▶

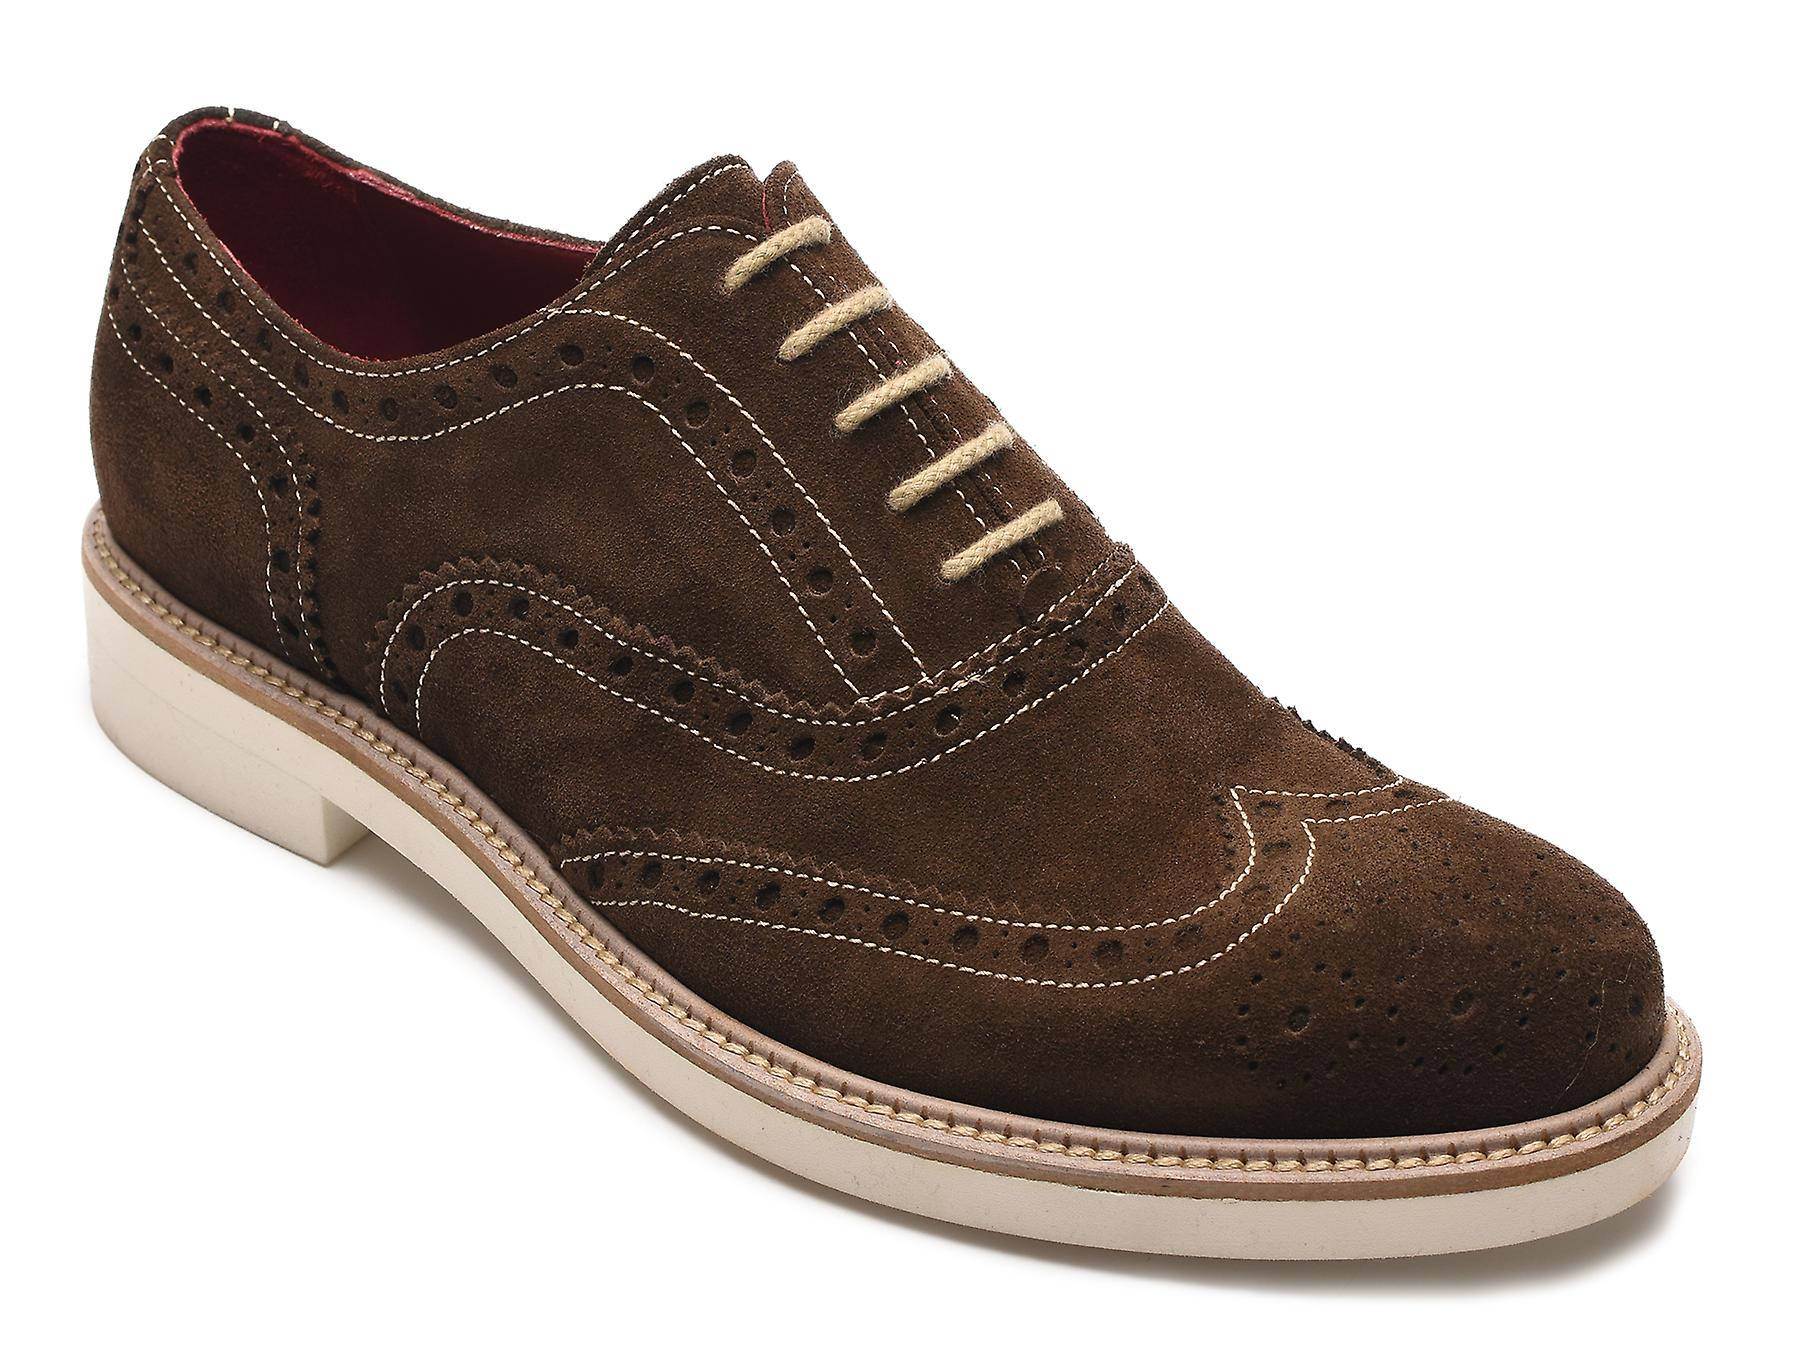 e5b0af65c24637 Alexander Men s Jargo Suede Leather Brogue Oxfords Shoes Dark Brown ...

◀
▶

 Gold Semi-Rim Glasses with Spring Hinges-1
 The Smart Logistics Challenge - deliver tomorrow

◀

Exercise prompt:
Look above for the line with "Gold Semi-Rim Glasses with Spring Hinges-1"; retype exactly that line, every line after it up to the line with "The Smart Logistics", and that line too, nothing else.

Written answer:
 Gold Semi-Rim Glasses with Spring Hinges-1
 The Smart Logistics Challenge - deliver tomorrow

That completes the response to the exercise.